Он отрицательно машет головой.
— Нет, это совсем другое. У нее никого не осталось. Финник был последним ее родным человеком, и единственным, кому она доверяла.
— Теперь у нее есть ты… — произношу это и надеюсь, что Пит не уловил в голосе огорчения, рвущегося из меня наружу.
— А еще будущий малыш, — говорит он и снова легко улыбается. — Да уж, судьба порой готовит очень неожиданные повороты. Помнишь, мы смотрели запись с ее Игр, когда готовились к Бойне? Кто бы мог подумать тогда, что через несколько месяцев мы станем друзьями.
Друзьями.
Слово режет слух, брови удивленно взлетают вверх, и прежде чем подумать, я удивленно выпаливаю:
— Друзьями?
Теперь уже удивляется Пит, кажется, не понимая даже сути вопроса и моего странного тона, поэтому просто недоуменно кивает.
— А ты думаешь, что нельзя стать друзьями так быстро?
Собираюсь с мыслями, говоря себе, что либо спрошу сейчас, либо больше уже, возможно, не представится более удачного момента, и, залившись краской с ног до головы, почти неразборчиво выкладываю свои домыслы.
— Я просто думала… Тогда на празднике ты сказал тому парню, чтобы он не знакомил тебя с сестрой, потому что… ну… — запинаюсь, не в силах произнести остальное вслух, а Пит вообще теряет дар речи.
— И ты в самом деле подумала, что я имел в виду Энни? — наконец, говорит он с усмешкой. — Китнисс, ты точно понимаешь, о какой Энни идет речь?
Смущаюсь только сильнее, покрываясь уже вторым слоем красных пятен, и вжимаюсь в диван с такой силой, что он буквально вот-вот перевернется назад.
— А про кого еще мне было подумать? — бормочу еле слышно, пока Пит все еще забавляется над моей глупостью.
— Знаешь, мне казалось, что всем вокруг и так понятно, что это просто самый действенный способ избавиться от подобных предложений.
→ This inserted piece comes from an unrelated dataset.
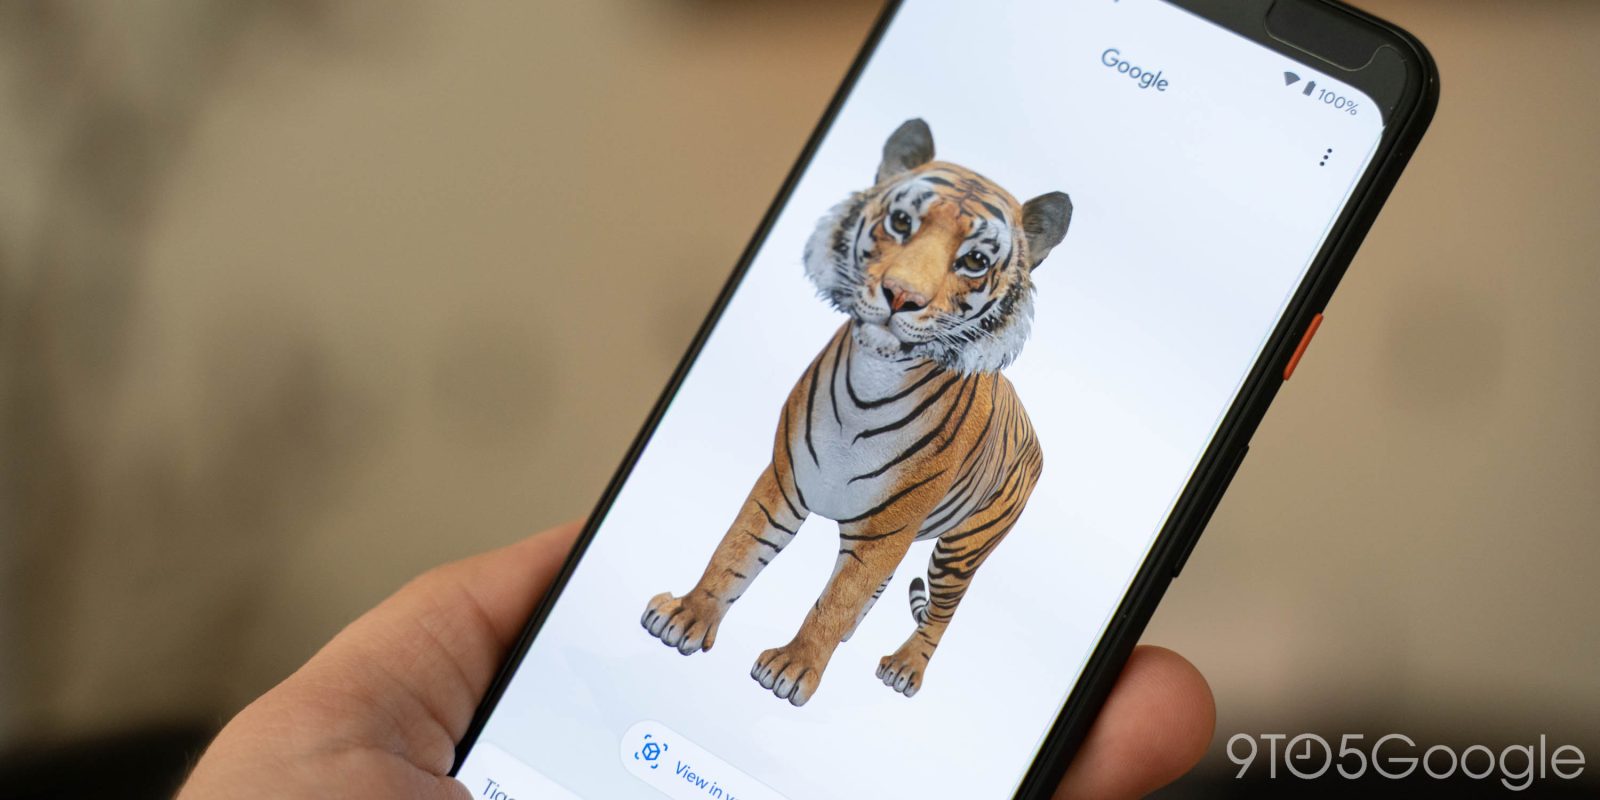 Hướng dẫn cách chụp hình thú 3D ngay trong nhà cùng Google 3D Android 7
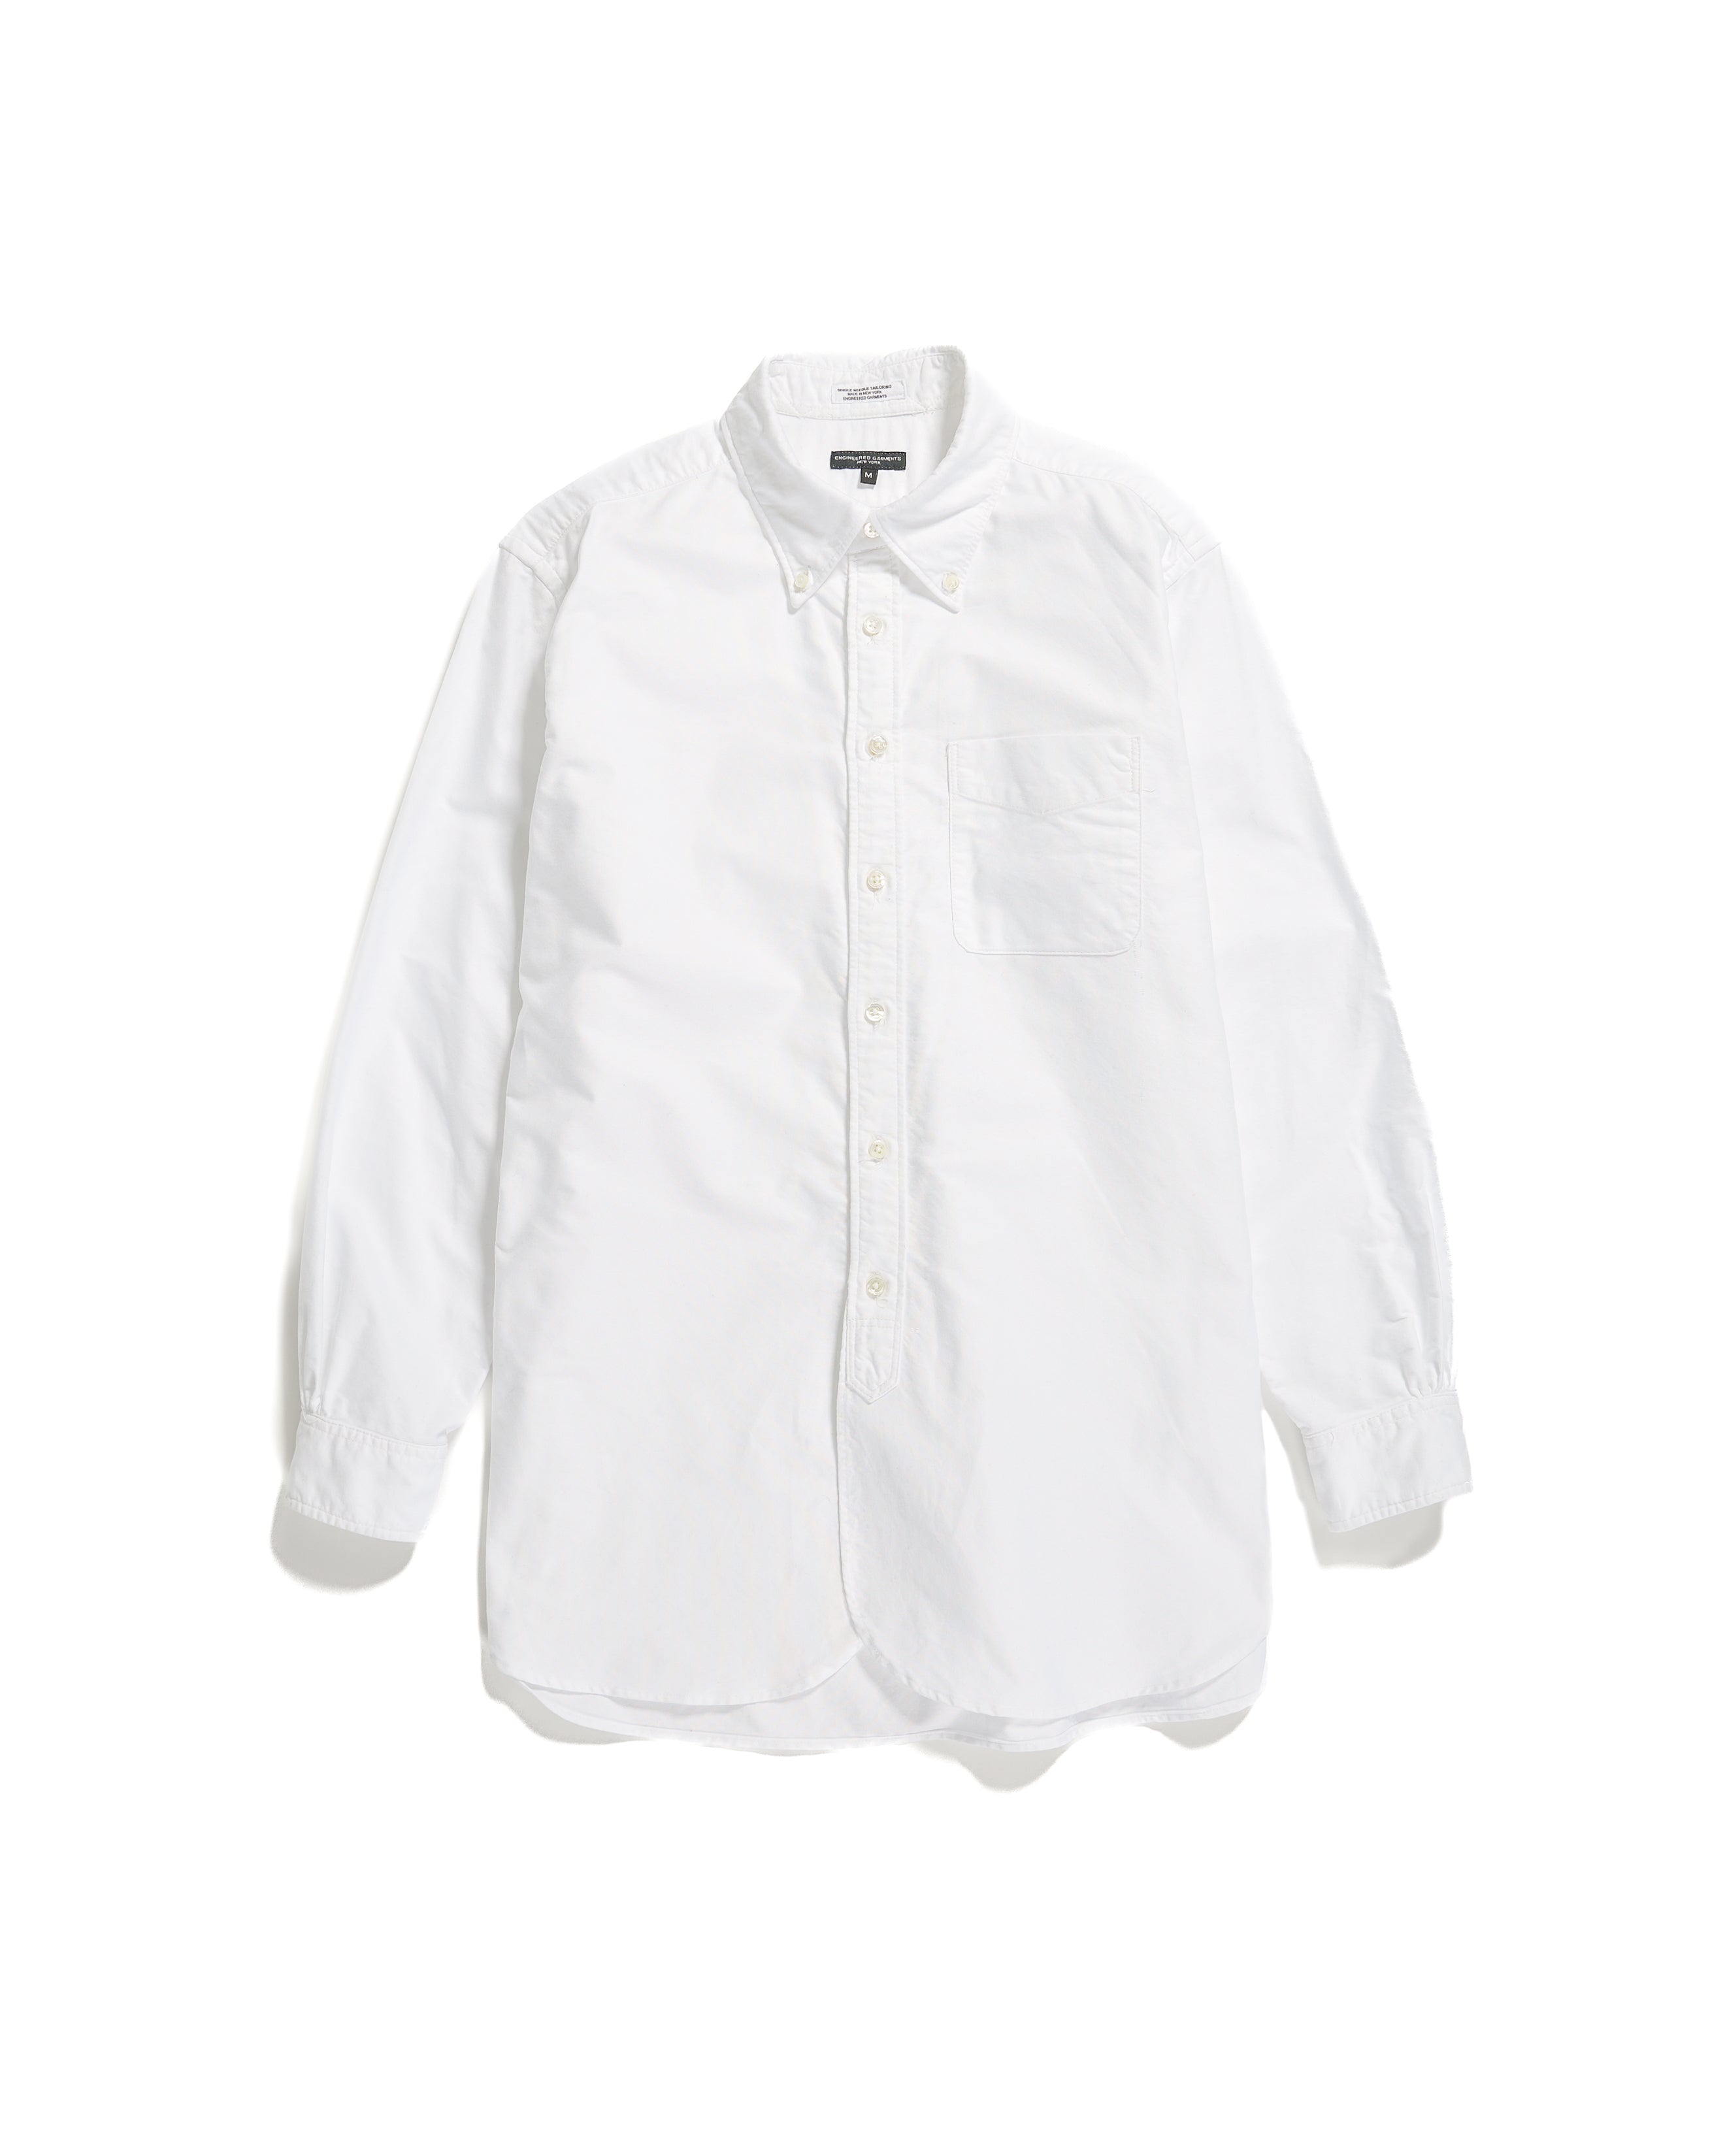 19 Century BD Shirt - White Cotton Oxford

Много кто считает, что мне одиноко, и в желании помочь считает, что именно его сестра или подруга поможет привести мою жизнь в порядок. Не объяснять же каждому, как все обстоит на самом деле.
— А как все обстоит?
— Не могу сказать, что мне одиноко. Особенно, когда рядом постоянно вертится Хеймитч! — усмехается он без всякого раздражения, отставляя кружку в сторону. — Да и тем более, для любого человека нет хуже альтернативы, чем окунуться в жизнь такого, как мы. Совершенно гиблое дело.
В этот раз соглашаюсь с Питом полностью, испытывая облегчение, что с этим разговором покончено. С груди будто падает огромный камень, не дававший нормально вздохнуть, а теперь все становится гораздо легче, даже мысли немного проясняются.